И тут судьба Вертинского сделала неожиданный счастливый поворот — однажды его в своем подъезде подобрала Софья Николаевна Зелинская, бывшая подруга его матери и преподавательница женской гимназии Киева. Она пригласила его к себе в дом, позна­комила с цветом киевской интеллигенции — Николаем Бердяевым, Марком Шагалом, Натаном Альтманом. Под влиянием новых знакомых Вертинский попробовал заниматься журналистикой. Он написал несколько рецензий на выступления артистов для газеты «Киевская неделя», издал несколько рассказов. На гонорары от публикаций Александр купил подержанный фрак и влился в ряды киевской богемы, изображая из себя циничного скептика, далекого от мира.
Именно там, в подвальных кабачках Крещатика, где собирались молодые люди артистических наклонностей, он придумал свою первый «фирменный знак»: живой цветок, продетый в петлицу фрака. Каждый день — новый. ъ
В возрасте 18 лет Вертинский неожиданно заявил всем друзьям и знакомым, что ему «смертельно надоел» Киев и он отправляется покорять Москву. Едва ли не каждый знакомый задал ему вопрос: "Почему именно Москву, а не столицу — Санкт-Петербург?" Но Вертинский никому не стал объяснять, что именно там случайно нашлась его якобы умершая сестра Надя, которая тоже стала актрисой.
Именно сестра и помогла Александру «встать на ноги» и освоиться в незнакомом городе, обеспечив его работой на первое время: Вертинский должен был давать купеческим дочкам уроки сценического мастерства. Однажды, ожидая Надежду в скверике перед Театром миниатюр, он случайно обратил на себя внимание Марии Александровны Арцыбушевой — владелицы этого театра.
"Увидев меня среди актеров, — вспоминал Вертинский в книге "Дорогой длинною...", — она как-то вскользь заметила:
— Что вы шляетесь без дела, молодой человек? Шли бы лучше в актеры, ко мне в театр!
— Но я же не актер! — возразил я. — Я ничего, собственно, не умею.

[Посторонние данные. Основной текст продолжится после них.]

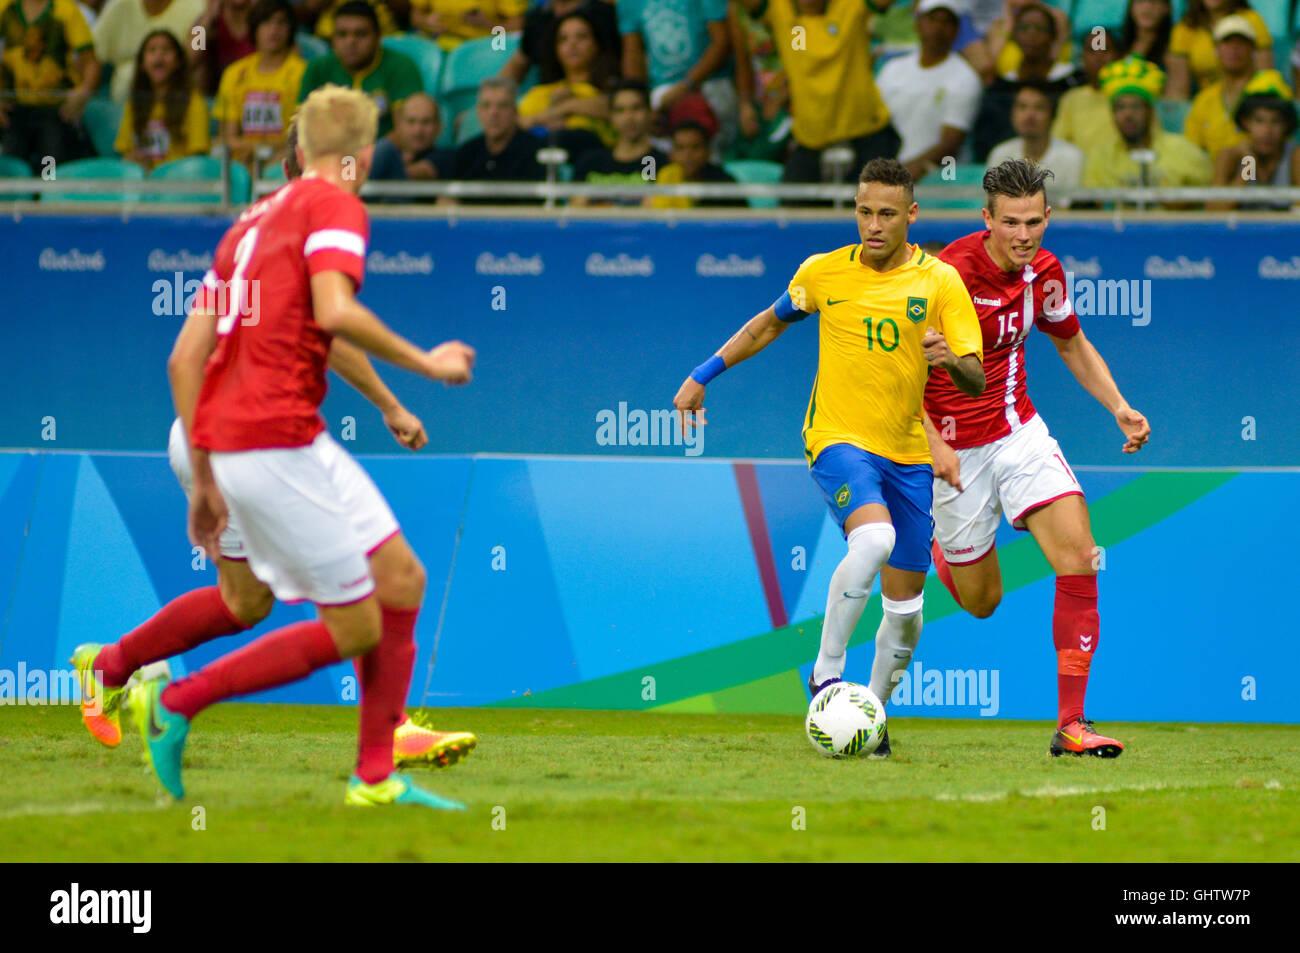 Salvador, Brazil. 10th August, 2016. OLYMPICS 2016 FOOTBALL SALVADOR - Neymar bid dispute in the match between Brazil Stock Photo

— Не умеете, так научитесь!
— А сколько я буду получать за это? — деловито спросил я.
Она расхохоталась:
— Получать?! Вы что? В своем уме? Спросите лучше, сколько я с вас буду брать за то, чтобы сделать из вас человека.
Я моментально скис.
Заметив это, Мария Александровна чуть подобрела:
— Ни о каком жаловании не может быть и речи, но в три часа мы садимся обедать. Борщ и котлеты у нас всегда найдутся. Вы можете обедать с нами.
Что же мне оставалось делать? Я согласился. Таким образом, моим первым „жалованием“ в театре были борщ и котлеты».



В Театре миниатюр ему поручили номер, называвшийся «Танго»: Вертинский, стоя у кулис, пел песенку — пародию на исполняемый на сцене довольно эротичный танец. За что он удостоился одной строчки в рецензии от критика газеты «Русское слово»: «Остроумный и жеманный Александр Вертинский».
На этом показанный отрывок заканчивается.